**Task inputs**
-- Opening Marker --

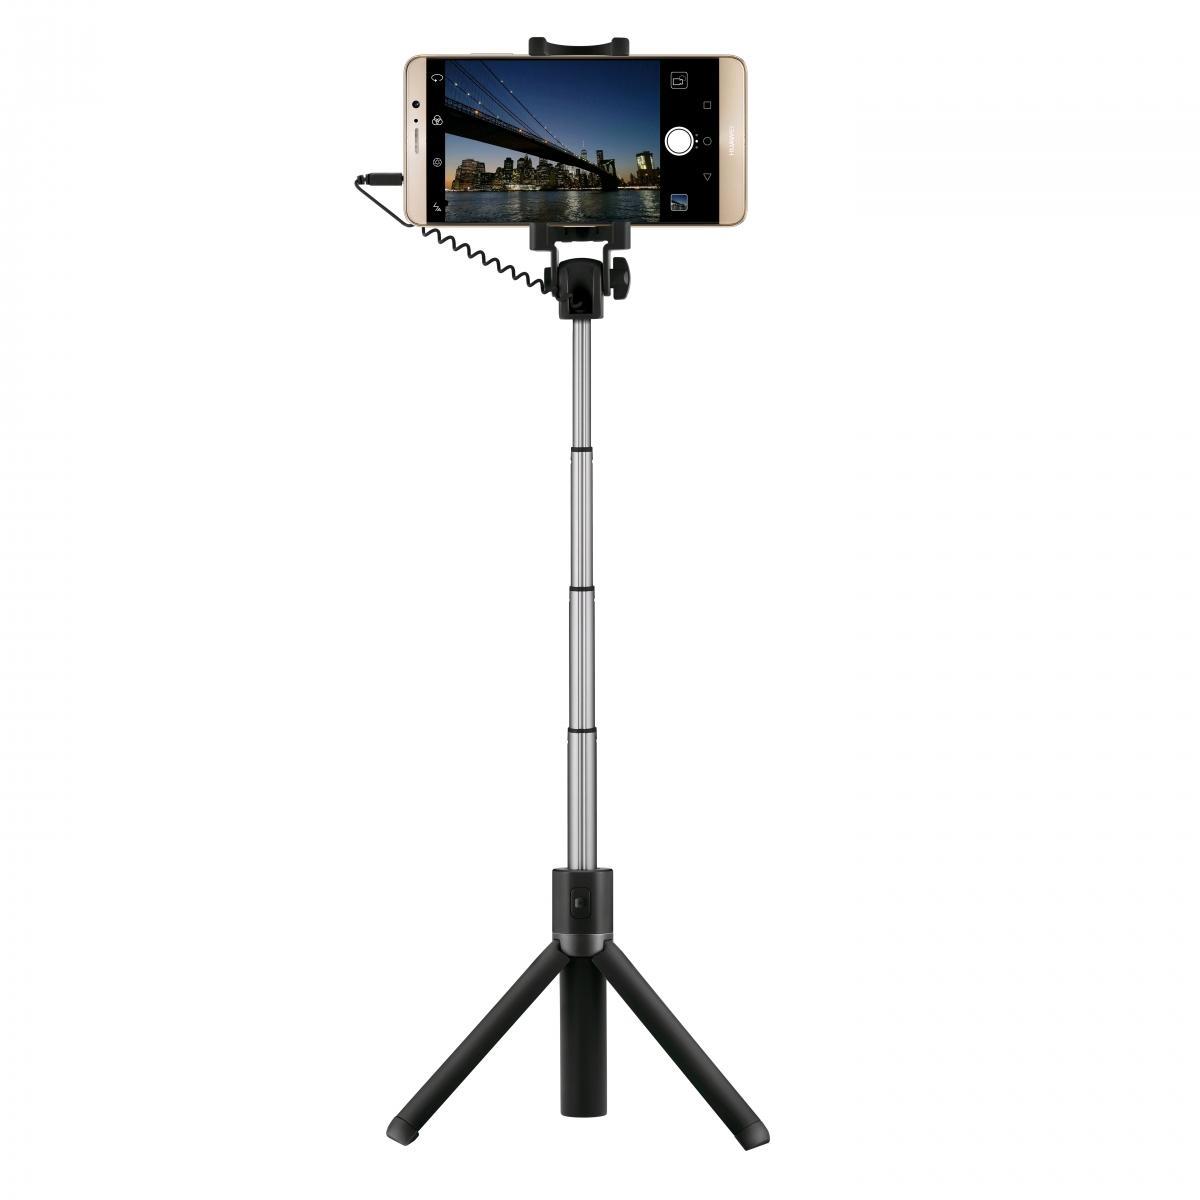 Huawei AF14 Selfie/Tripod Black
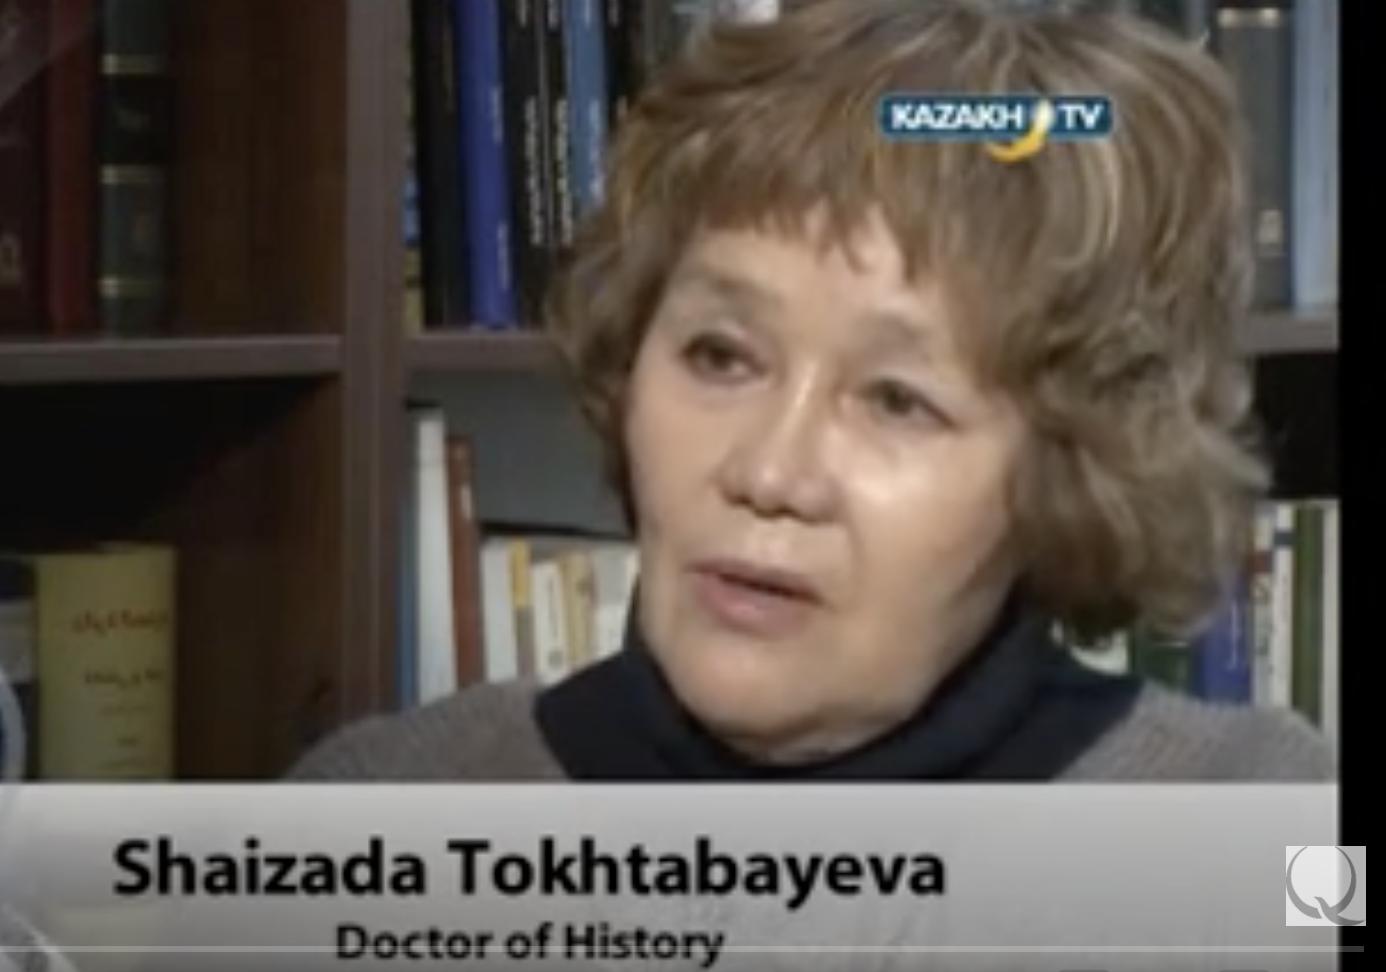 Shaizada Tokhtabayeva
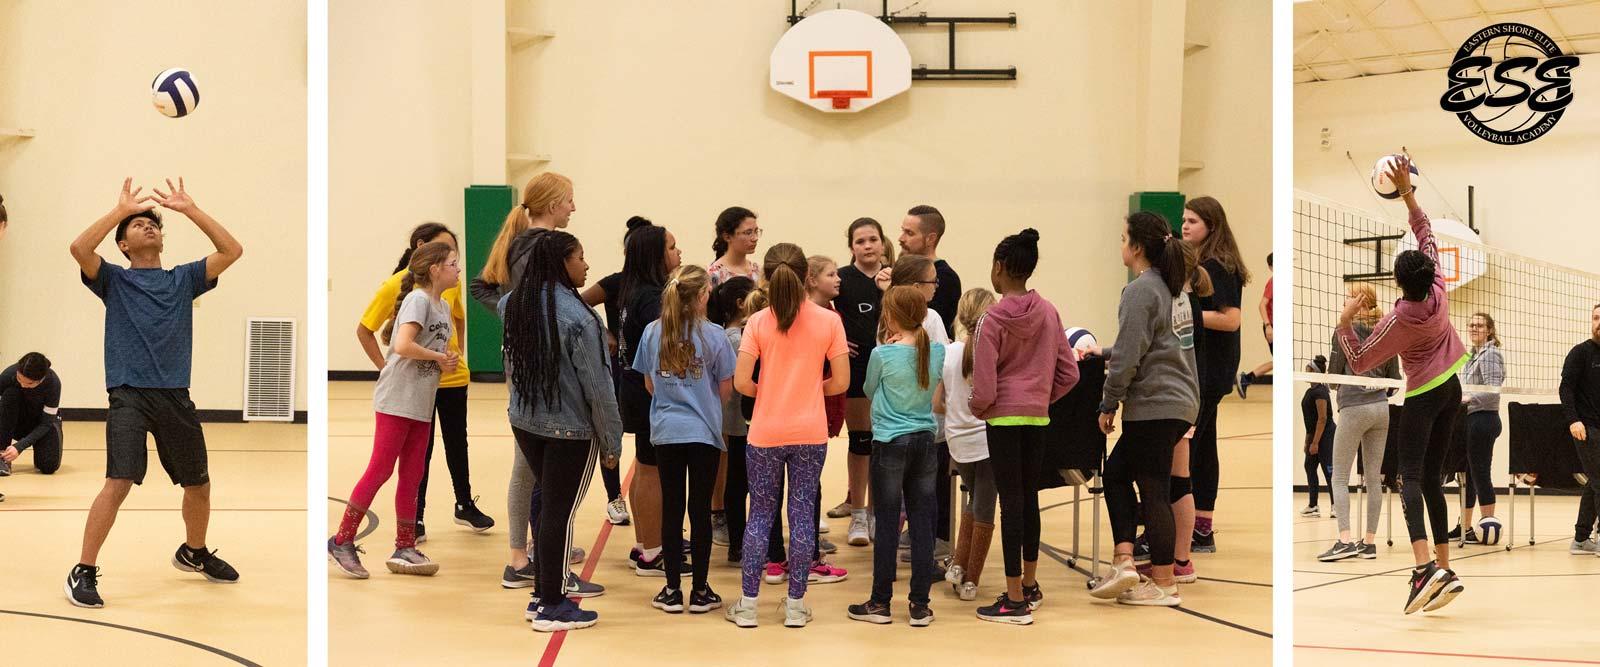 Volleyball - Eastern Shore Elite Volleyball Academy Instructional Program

-- Closing Marker --
-- Opening Marker --

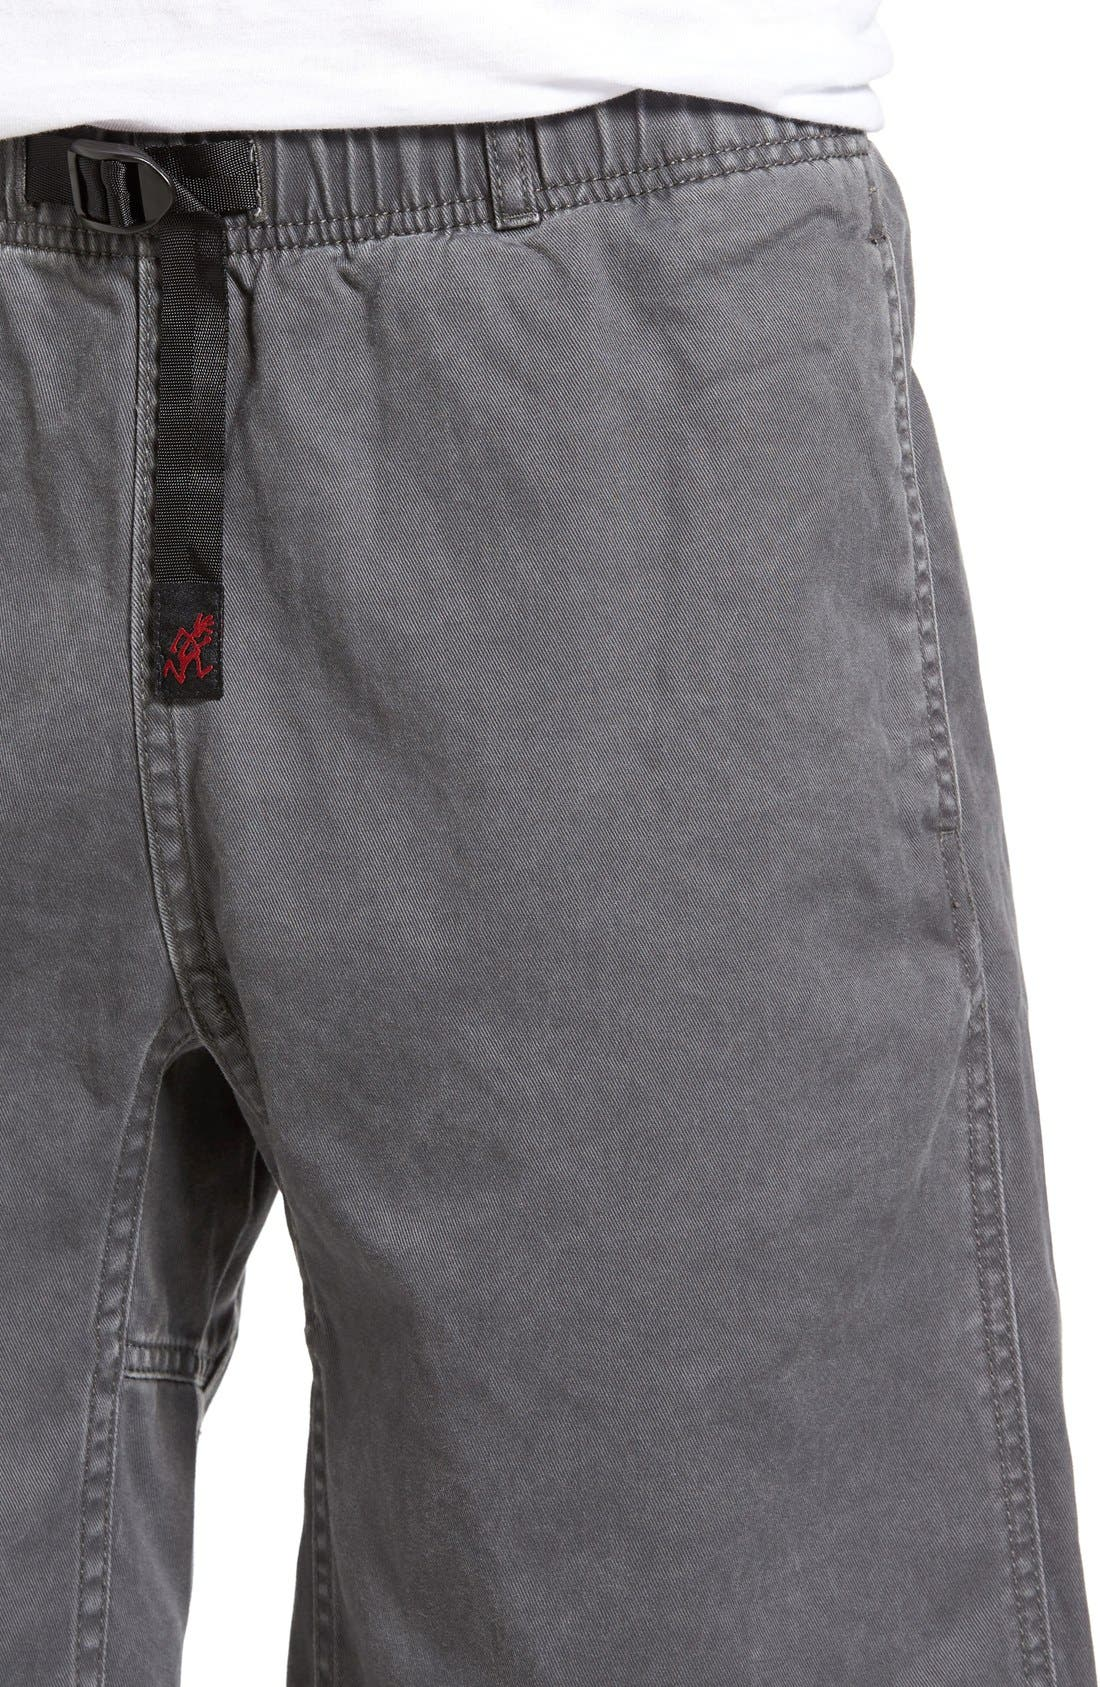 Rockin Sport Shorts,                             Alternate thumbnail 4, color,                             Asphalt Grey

-- Closing Marker --

**Task directions**
Repeat exactly, and only, the entries from the line with "Huawei AF14 Selfie/Tripod Black" through the line with "Volleyball - Eastern". Pictures are skipped.

**Exercise result**
 Huawei AF14 Selfie/Tripod Black
 Shaizada Tokhtabayeva
 Volleyball - Eastern Shore Elite Volleyball Academy Instructional Program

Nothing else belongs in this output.